Despite these limitations, the strength of the paper is that of being the first randomized trial evaluating liberal versus restrictive fluid management in patients with severe preeclampsia and have potential clinical impact.

CONCLUSIONS

In patients with severe preeclampsia, a restrictive fluid regimen during cesarean section was not associated with increased postoperative AKI. Additional studies are needed in order to identify the best fluid therapy in this patient population.

AUTHOR CONTRIBUTIONS

Silva WA, Varela CVA, Francisco RPV, Torres MLA, Carmona MJC, Bliacheriene F and Malbouisson LMS contributed substantially to the conception, design, and execution of this work. Pinheiro AM and Scherer PC contributed substantially to the acquisition of the data. Andrade LC and Pelosi P analyzed the data and contributed in writing the manuscript. All authors read, contributed to important intellectual content, and approved the final draft of the manuscript prior to submission.

Intraoperative and postoperative variables in patients with preeclampsia, by the type of fluid therapy applied during cesarean section: post-hoc analyses.

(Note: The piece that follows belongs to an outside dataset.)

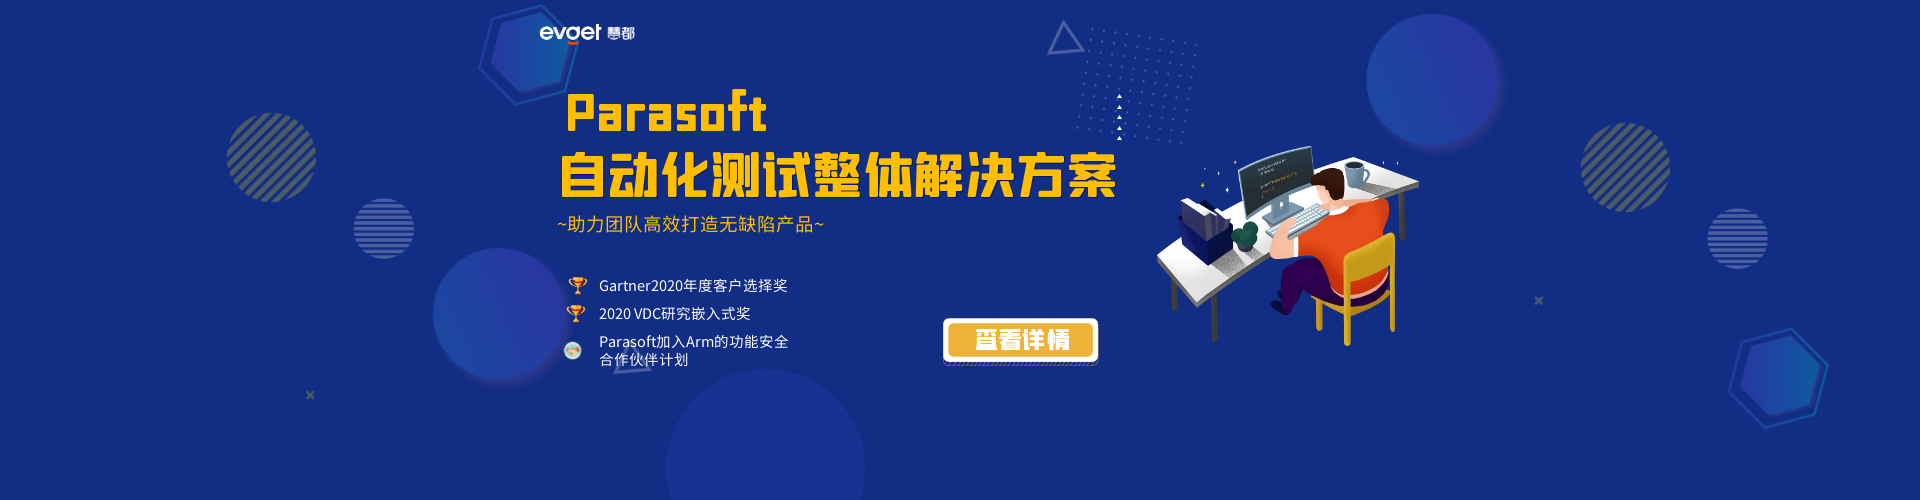 parasoft专题页宣传

Variable	Restrictive Fluid(n=23)	Liberal Fluid(n=23)	p-value
Intraoperative medication
Vasodilator, n (%)	1 (4.3)	2 (8.7)	1.0a
Vasopressor, n (%)	18 (78.3)	15 (65.2)	0.326b
Metaraminol (mg), median (IQR)	1.2 (0.9–2.2)	0.8 (0.6–1.4)	0.039c
Hemodialysis, n (%)	0	1 (4.3)	1.0a
Supplemental oxygen use, n (%)	7 (30.4)	6 (33.3)	0.843b
ICU admission, n (%)	0	2* (8.7)	0.489a
Time to discharge after surgery (days), median (IQR)	3 (3–5)	3 (3–3)	0.196c
Apgar score, median (IQR)
At 1 minute	8 (7–9)	8 (7–8)	0.663c
At 5 minutes	9 (8–10)	9 (9–9)	0.621c
Umbilical cord blood gases, mean±SD
pH	7.23±0.66	7.22±0.11	0.647d
Bicarbonate (mEq/ml)	23.71±4.07	22.13±2.29	0.190d
Base excess	−5.71±2.05	−6.52±3.23	0.414d

Fisher’s exact test;

chi-square test;

Mann–Whitney test;

t-Student test.

one case of uterine atony and one case of persistent oliguria and neurological symptoms.

IQR: interquartile range; AKIN: Acute Kidney Injury Network; ICU: intensive care unit.